裕司は華が気を失ってからのことを思い出す。



翠は子供を諦めることはありえないと騒ぎ立てていたが、使用人に指示して翠の部屋に連れて行かせた。裕司は医師と向かい合う。

『どうして華に抑制剤を渡さなかった』

『それは、奥様の命令で』

『華は三日間部屋に閉じ込められて苦しんだ。俺の、アルファの抑制剤が効かないほど匂いを撒き散らしてた。本人が妊娠を望んでないことも知ってたよな?』 

裕司は爆発しそうな怒りを押し殺して医師に語りかけた。医師は歯を食いしばっている。オメガの抑制剤には避妊効果もある。万が一、華が閉じ込められていたあの時に、この家に別のアルファがいたらどうなっていたのか。もしも、健司がアルファだったら。

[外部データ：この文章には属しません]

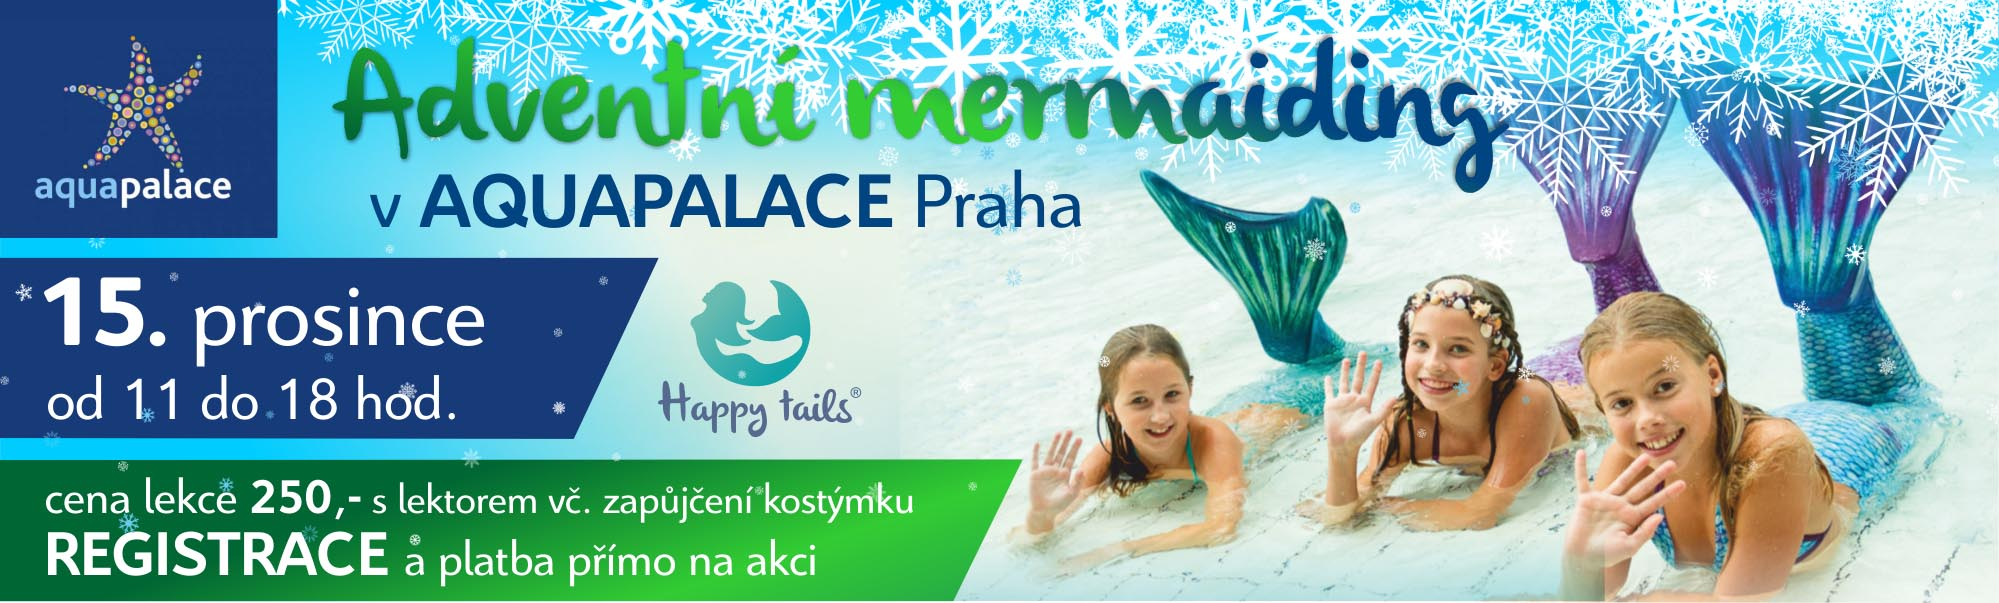 mermaiding_aquapalace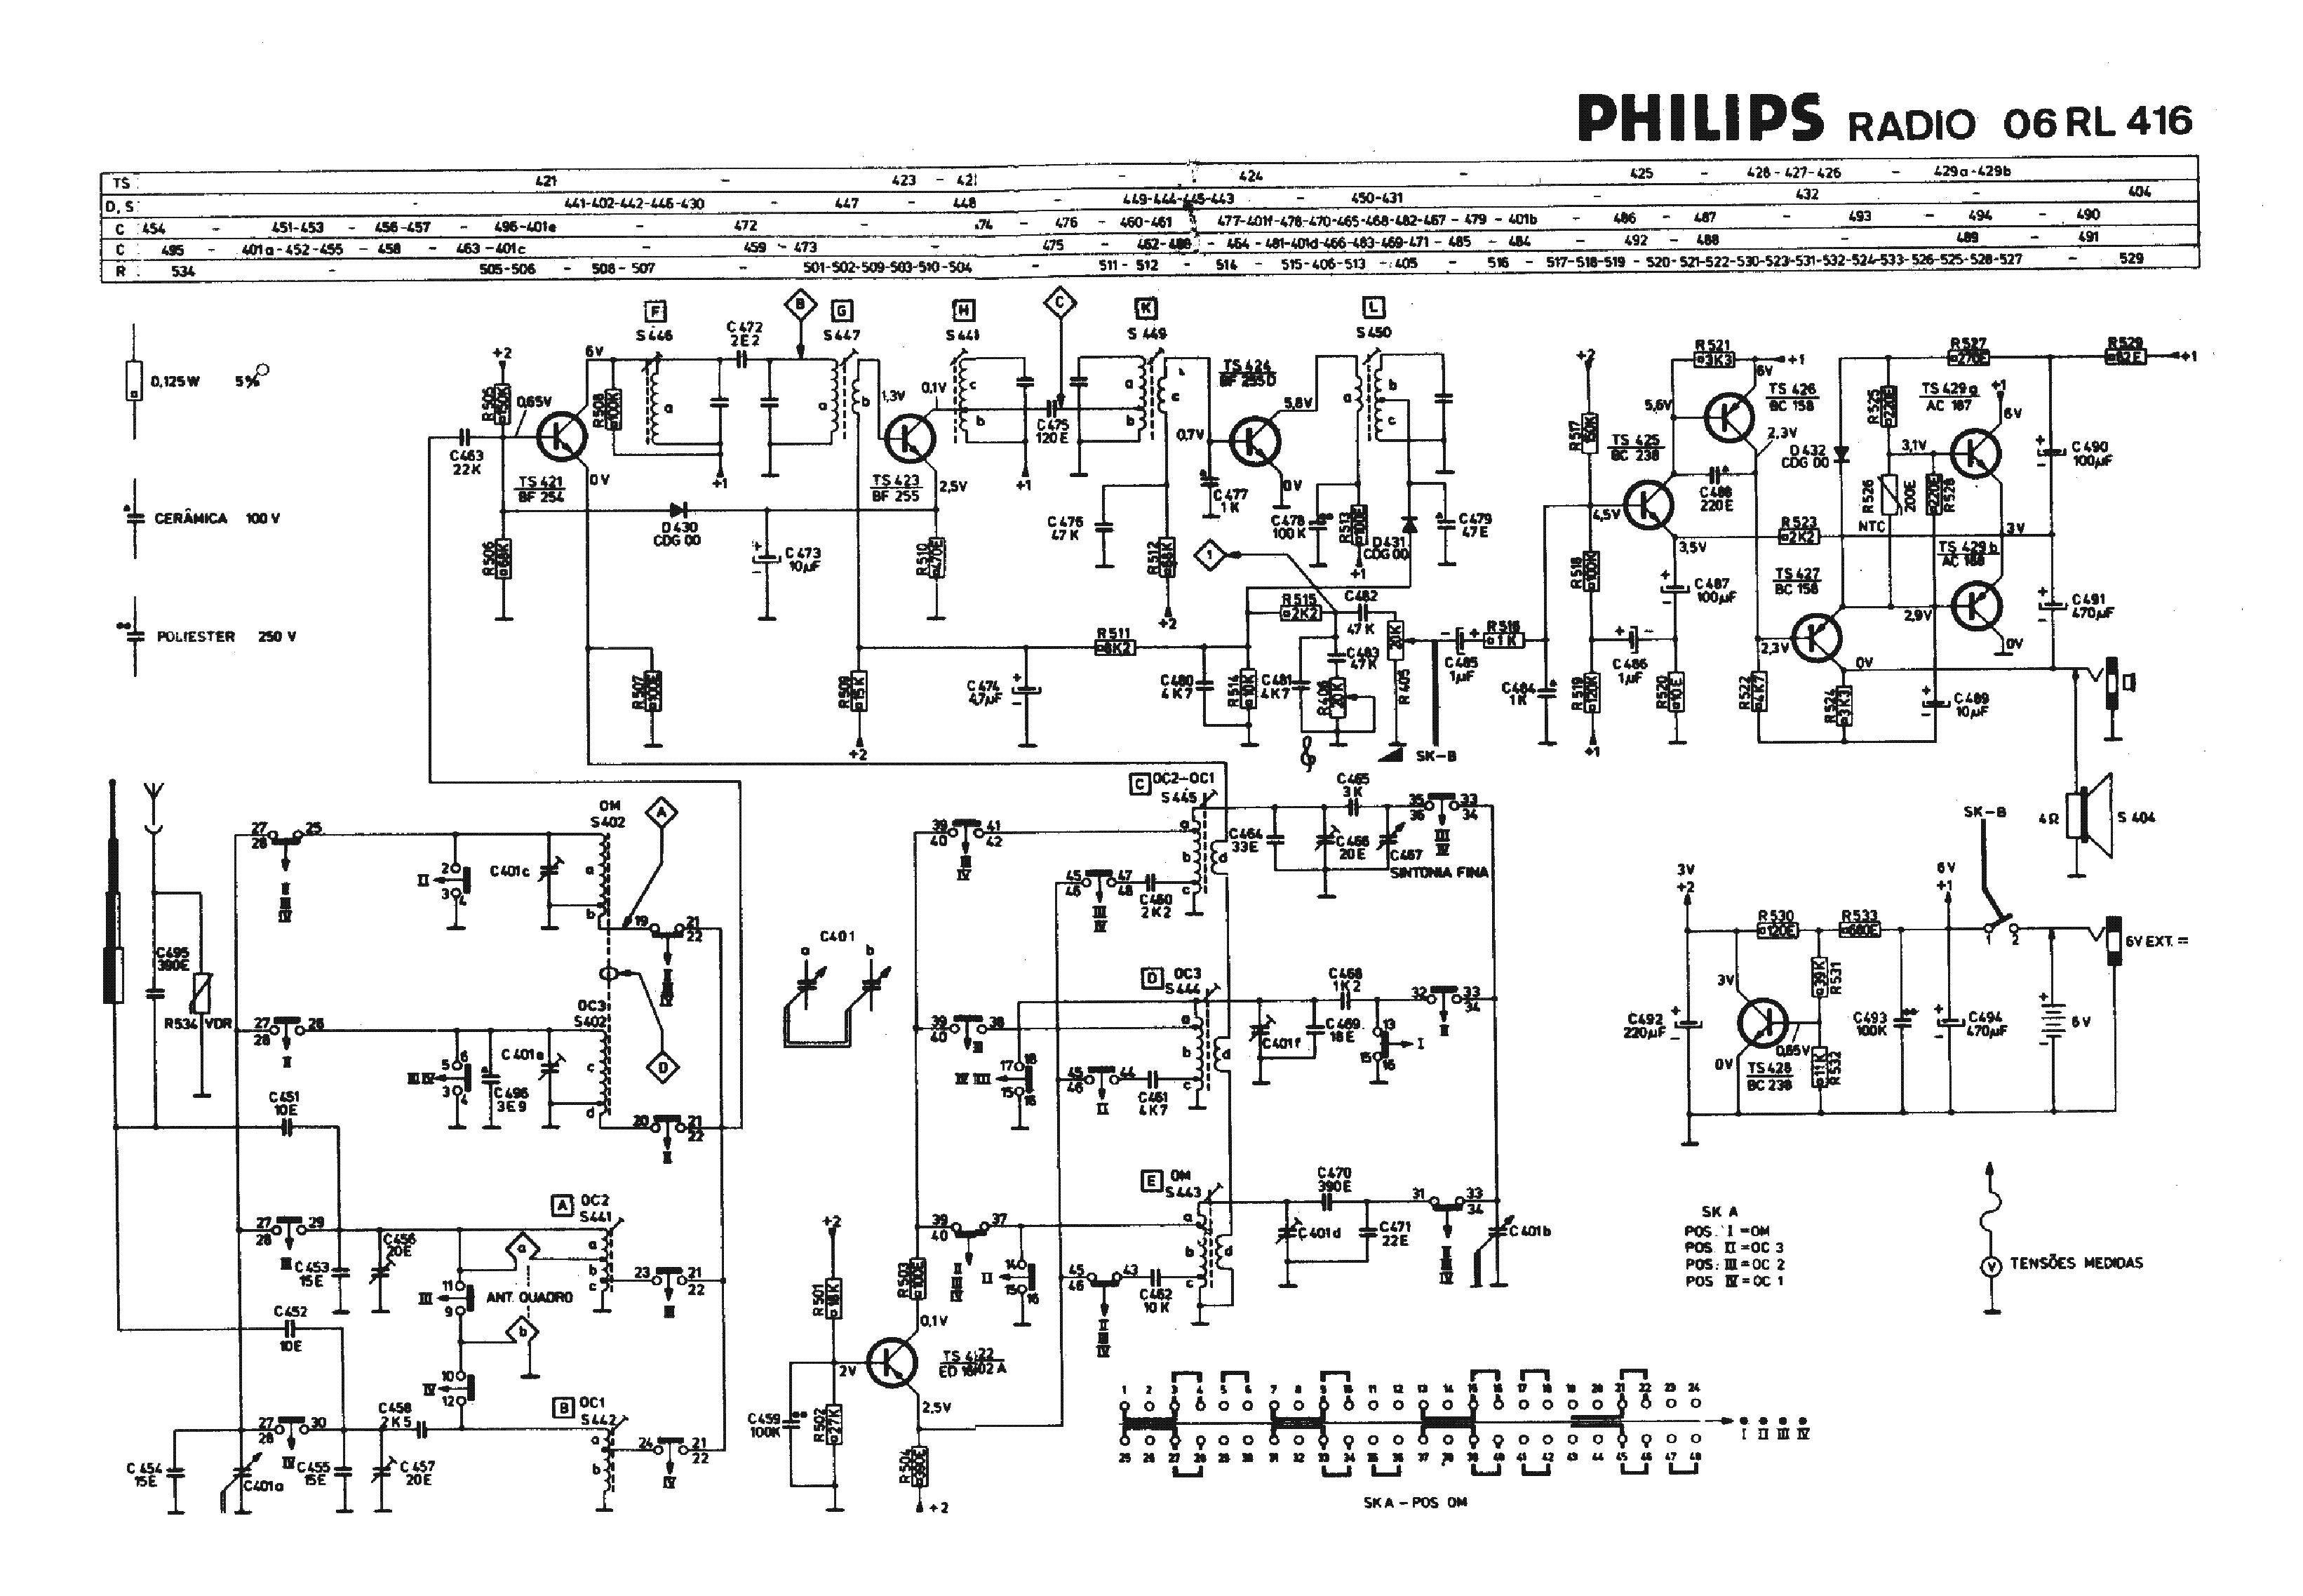 Philips 06rl416 Transistor Radio Sch Service Manual

彼は産婦人科の医師だと言っていた。望まれない子供がどうなるか、その母親がどれだけ苦しむか、知らないはずがない。オメガの抑制剤には次の発情期の症状を抑える効果もある。抑制剤を貰えていれば発情期にあそこまで苦しむこともなかったはずだ。

『…霧島さんは今は産みたくないとおっしゃっていました。咄嗟に、緊急避妊薬を…』

医師は華に対して深い後悔を抱いているようだ。握りしめた手が震えている。

『華をここに置いておけない』

『…わかりました。特別室を準備します』

医師は頭を下げて携帯を取り出しながら部屋を出ていった。裕司は改めて華に向き合った。顔色の悪い華から寝息が聞こえる。医師が失神したまま眠ってしまったのだろうと言っていた。ここ何日か、華の体調は良くなかった。風邪だろうから近づかないようにしてほしいと言われて鵜呑みにしてしまっていた。まさか妊娠による体調不良だったなんて、想像もしていなかった。



裕司は華の部屋を出て階下へ降りた。古株の使用人に、華を見守るよう声をかける。その場にエリカの姿もあったが、彼女に頼むのはやめた。彼女に悪意がなかったとしても、今は華のそばに行かせないほうがいいだろう。

『準備が整いました』

玄関ホールに医師の姿が見えた。医師をダイニングルームに迎え入れる。今ダイニングには誰もいない。

『この家の人間誰にも伝えないで連れて行く。わかってるよな?華になにかあったら』

『私が責任を持って診察させていただきます。病室にもあなた以外は通さないよう、スタッフに徹底させます…こんなことしかできませんが、せめて、償わせていただきたい』

医師は深々と頭を下げた。華の妊娠に、深い自責の念を抱いているようだ。二度目の発情期に抑制剤を処方してくれていればこんなことにはならなかったはずだ。望まれない子供の妊娠に加担したことは、この男にとって深い傷になったらしい。

裕司は医師を見下ろしながら、これなら華を任せられるだろうと思った。こちらに負い目がある方が、なにかと使いやすい。裕司は華の部屋に向かった。